Il tema su cui dibattere è molto importante ed attuale, perché riguarda le basi fondamentali della legislazione nazionale, l’identità politico-giuridica del cittadino, la sua modalità di partecipazione alla vita pubblica e l’insieme dei suoi diritti e doveri; un argomento, quindi, che va affrontato con una visione strategica, cercando il più possibile di abbandonare logiche di mera e contingente tattica politica.

Innanzitutto c’è da dire che la cittadinanza non è un diritto ma è un patto identitario. Lo status di cittadino rispetto allo status di straniero, regolarmente soggiornante sul nostro territorio, implica il riconoscimento dei diritti elettorali e il diritto di accedere liberamente al territorio dello Stato, e nulla più; la concessione della cittadinanza, quindi, non riguarda i diritti universali dell’uomo ma certe valutazioni che sono strettamente legate all’interesse nazionale. In altre parole, la concessione della cittadinanza va disciplinata tenendo conto degli specifici interessi nazionali e della cultura nazionale.

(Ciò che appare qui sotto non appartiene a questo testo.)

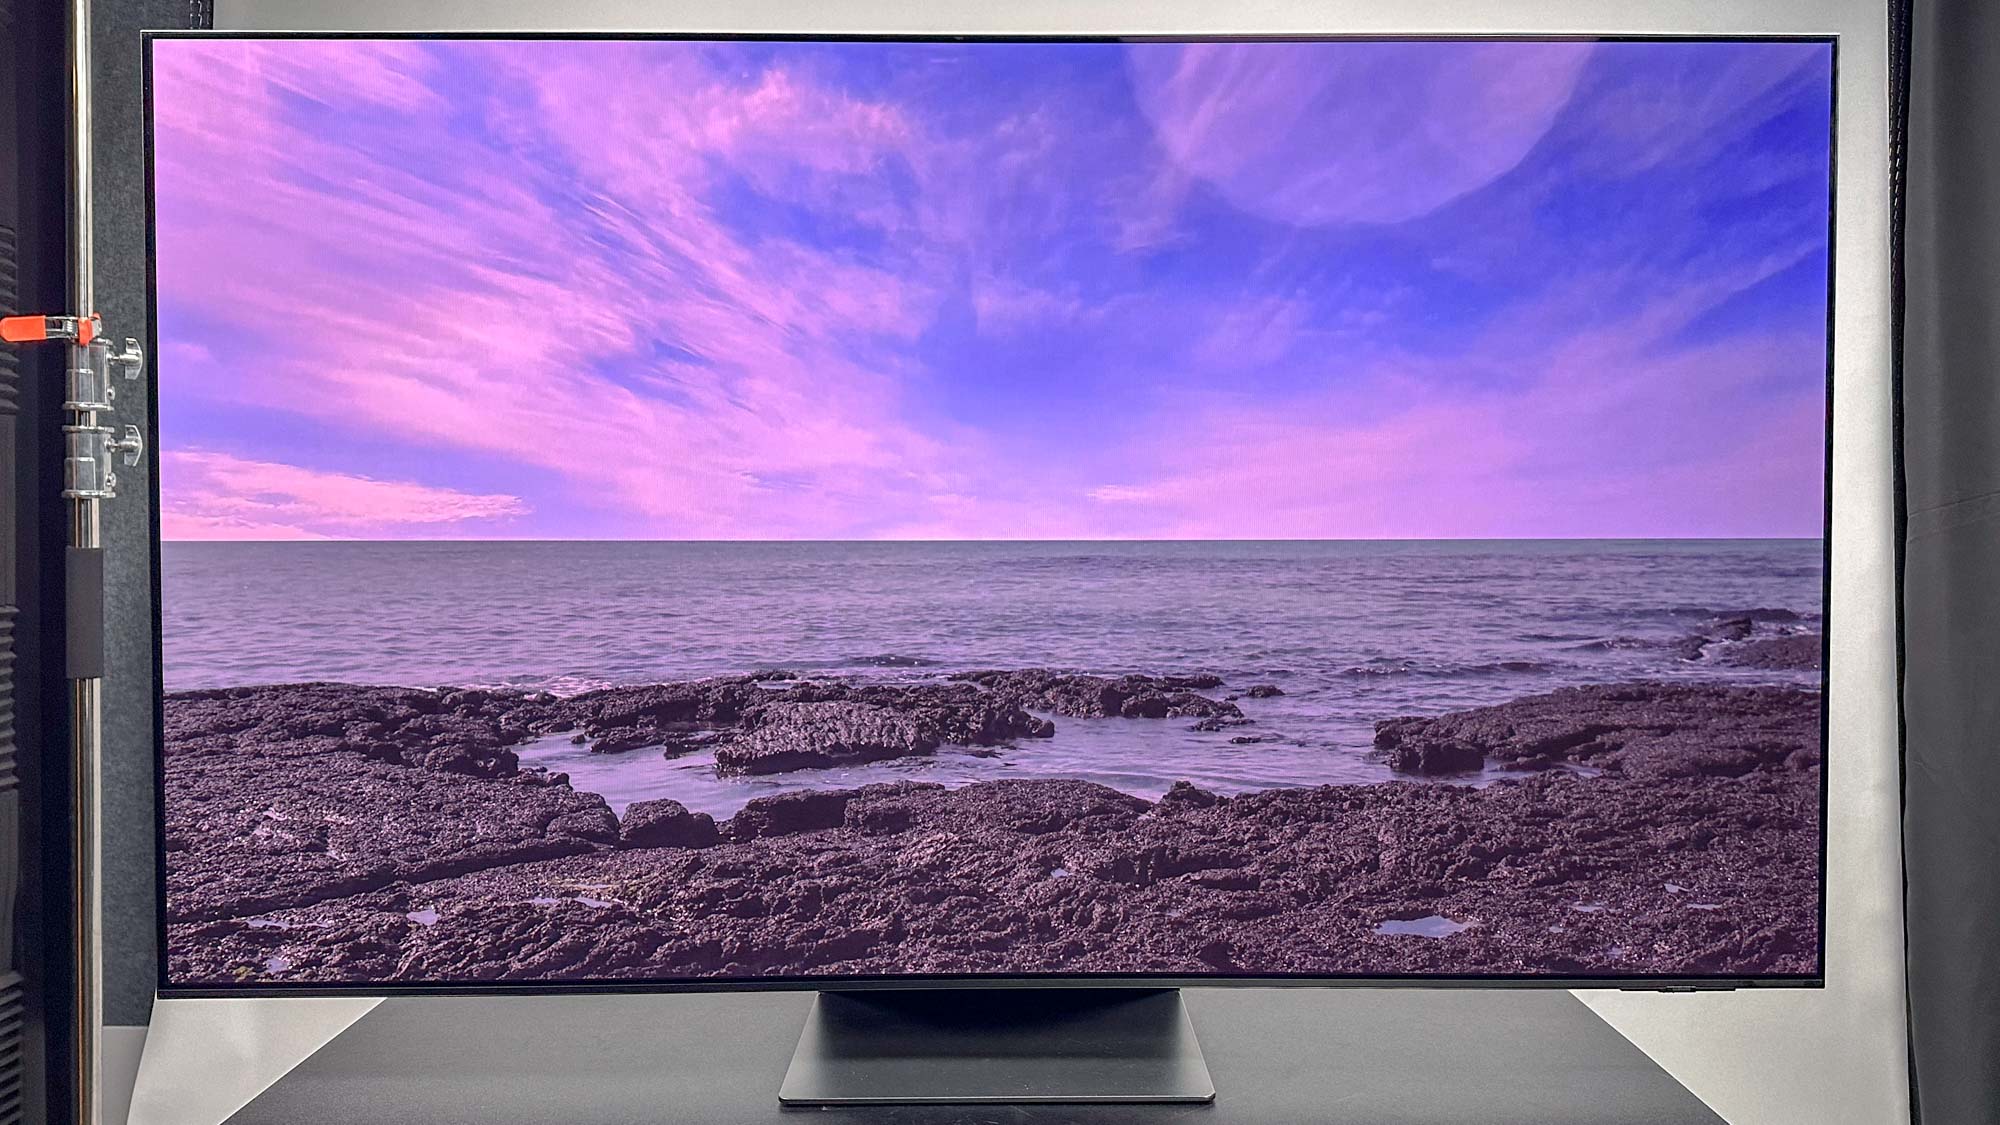 Samsung S95C OLED TV

Le problematiche della concessione della cittadinanza vengono molto spesso messe in relazione con le questioni relative ai processi migratori. Le due problematiche, tuttavia, pur avendo punti di contatto, sono autonome. Per quanto riguarda la concessione della cittadinanza, si tratta di una serie di regole che consentono all’individuo di entrare a far parte di una comunità nazionale; il governo dell’immigrazione, invece, riguarda una serie di norme che regolano i flussi di entrata in un territorio. Le differenze non sono solo teoriche ma, soprattutto, numeriche; l’immigrazione è un fenomeno dai numeri importanti, mentre le richieste di concessione della cittadinanza, riguardano poche decine di migliaia di persone ogni anno.

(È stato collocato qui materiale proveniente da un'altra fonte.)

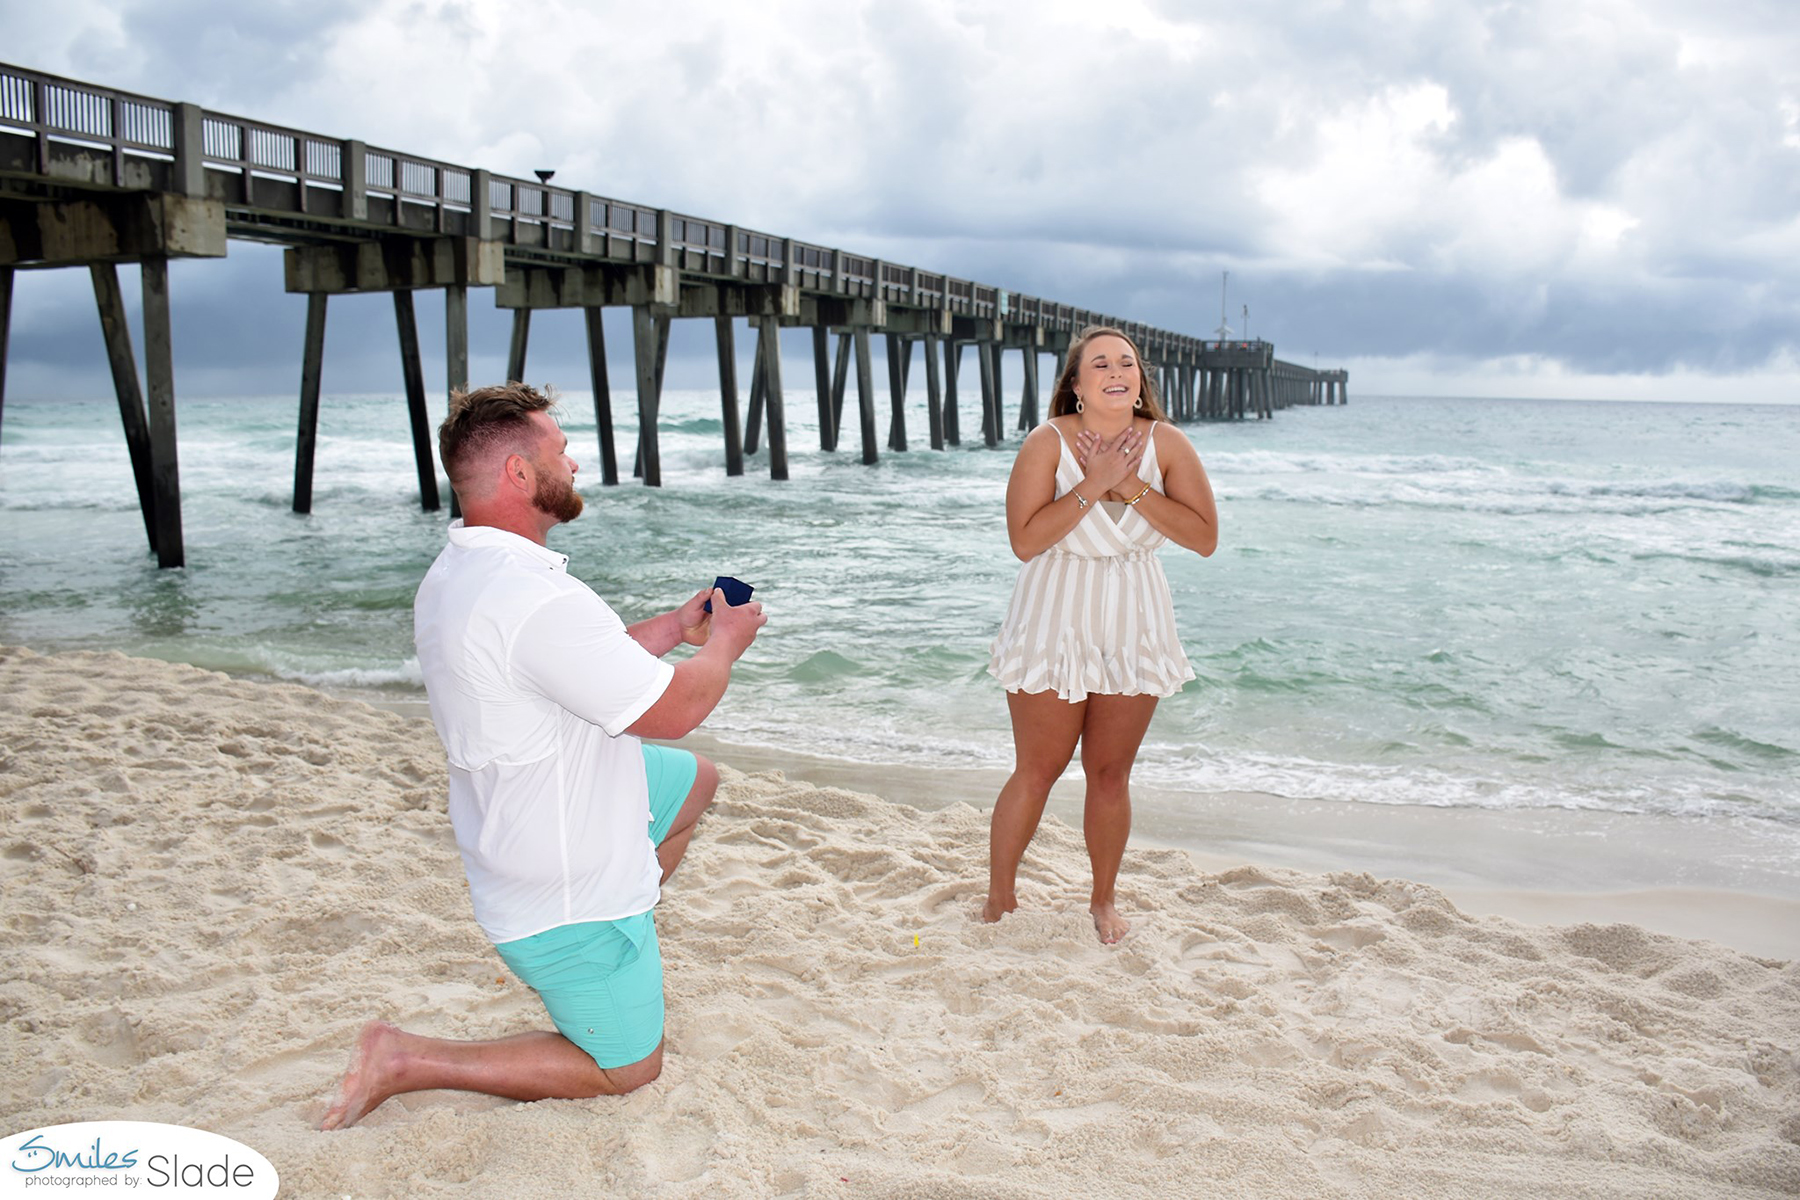 Panama City Beach photographer capture surprise proposal at the pier.

Negli ultimi vent’anni i flussi migratori hanno assunto caratteri diversi rispetto agli inizi del Novecento quando i nostri nonni e i nostri padri lasciavano il territorio italiano con scarsissime possibilità di potervi tornare, se non dopo un lunghissimo lasso di tempo. Oggi l’immigrazione è un fenomeno temporaneo che nasce da esigenze prettamente economiche, a volte anche politiche; l’immigrato, quindi, non ha come priorità la richiesta della cittadinanza ma l’opportunità di lavorare e di risiedere regolarmente nel paese che lo accoglie.

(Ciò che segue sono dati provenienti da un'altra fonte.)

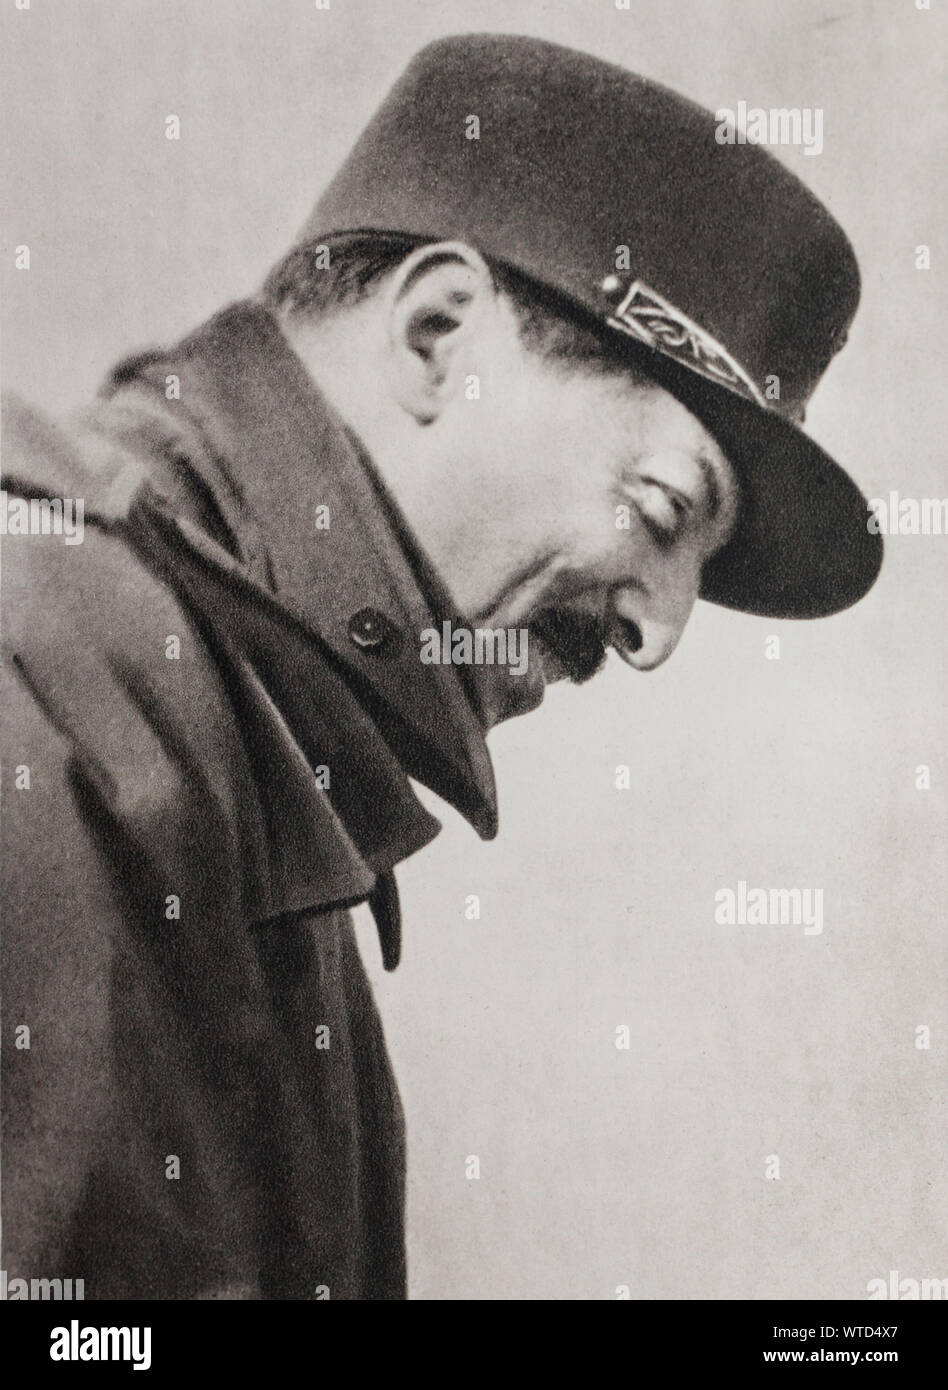 Il generale francese Konig che ha arrestato Rommel in Bir Hakim Foto Stock

Un altro elemento da mettere in discussione è la convinzione dell’esistenza di una diretta connessione tra il processo d’integrazione e le normative sulla cittadinanza. In questo caso non c’è autonomia ma c’è sicuramente una distinzione. E’ possibile sostenere, quindi, che la cittadinanza sia il risultato di una corretta integrazione, ma la concessione della cittadinanza non favorisce la maggiore o minore integrazione di un individuo straniero; quando quest’ultimo si identifica pienamente con la comunità che lo ospita, solo a quel punto entrano in gioco le regole della cittadinanza.

Come si è detto, quindi, oggi i fenomeni migratori sono processi estremamente mobili. Rispetto a cinquant’anni fa, gli immigrati che arrivano in Italia hanno molte più possibilità di rimanere in contatto con il loro paese d’origine, mantenendo rapporti anche di ordine economico. Per queste ragioni il desiderio di restare nel paese nel quale sono stati accolti ha caratteri profondamente diversi rispetto al passato.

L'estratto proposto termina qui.